# 1 year old Cockapoo needs a new home



## Dexter1011 (Aug 28, 2011)

Hi, I noticed this on gumtree and he looks so sad that I thought I would post it on here incase anyone was looking for an older cockapoo.

http://www.gumtree.com/p/pets/1-year-cockapoo-twickenham/98080351


----------



## Jeanie (Jan 23, 2012)

That's really sad,
The lady sounds really genuine. 
Hope Marley finds a home 😊


Jeanie x


----------



## Nadhak (Jun 4, 2011)

Oh what a lovely dog - so sad - very genuine reasons but I hope he gets a forever home xx


----------



## Emma (Apr 29, 2011)

Awwww poor wee Marley.
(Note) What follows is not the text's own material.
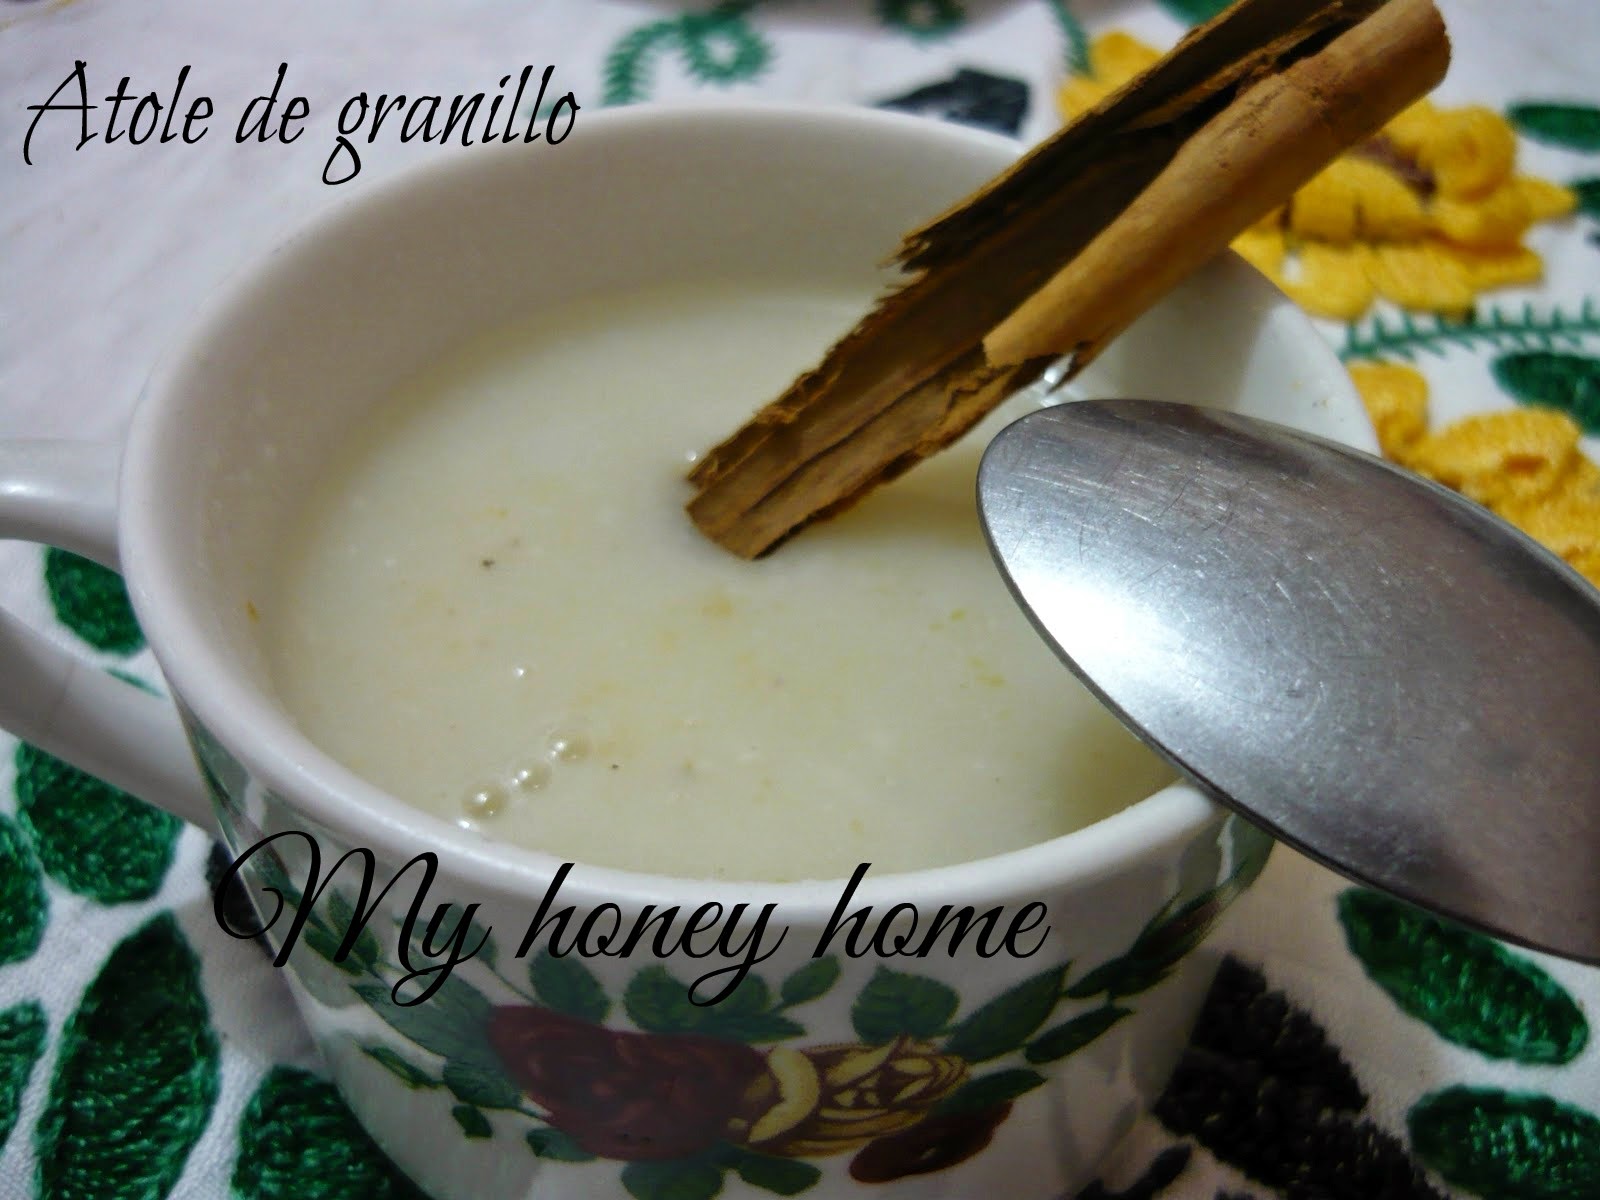 Honey home~ : ATOLE DE GRANILLO

How can people give up on them at this age? Maggie is just getting easier now at almost 1 year. She is so much improved. Right enough they did say they had only had him for 6months so u wonder what happened in the first six. Emma x


----------



## DB1 (Jan 20, 2012)

Oh what a sweet dog and what a shame, I'm sure he'll get a new home no problem and hope its with lovely new owners, if in the future we ever want to get another (as not got no.1 yet!) I would like to rehome one. I would definately have been very interested if had seen an advert like this when starting our puppy hunt, have our boy sorted now though.


----------



## JoJo (Mar 2, 2011)

Ahh love the name Marley .. he looks like a gorgeous boy .. home he finds his forever home soon ..


----------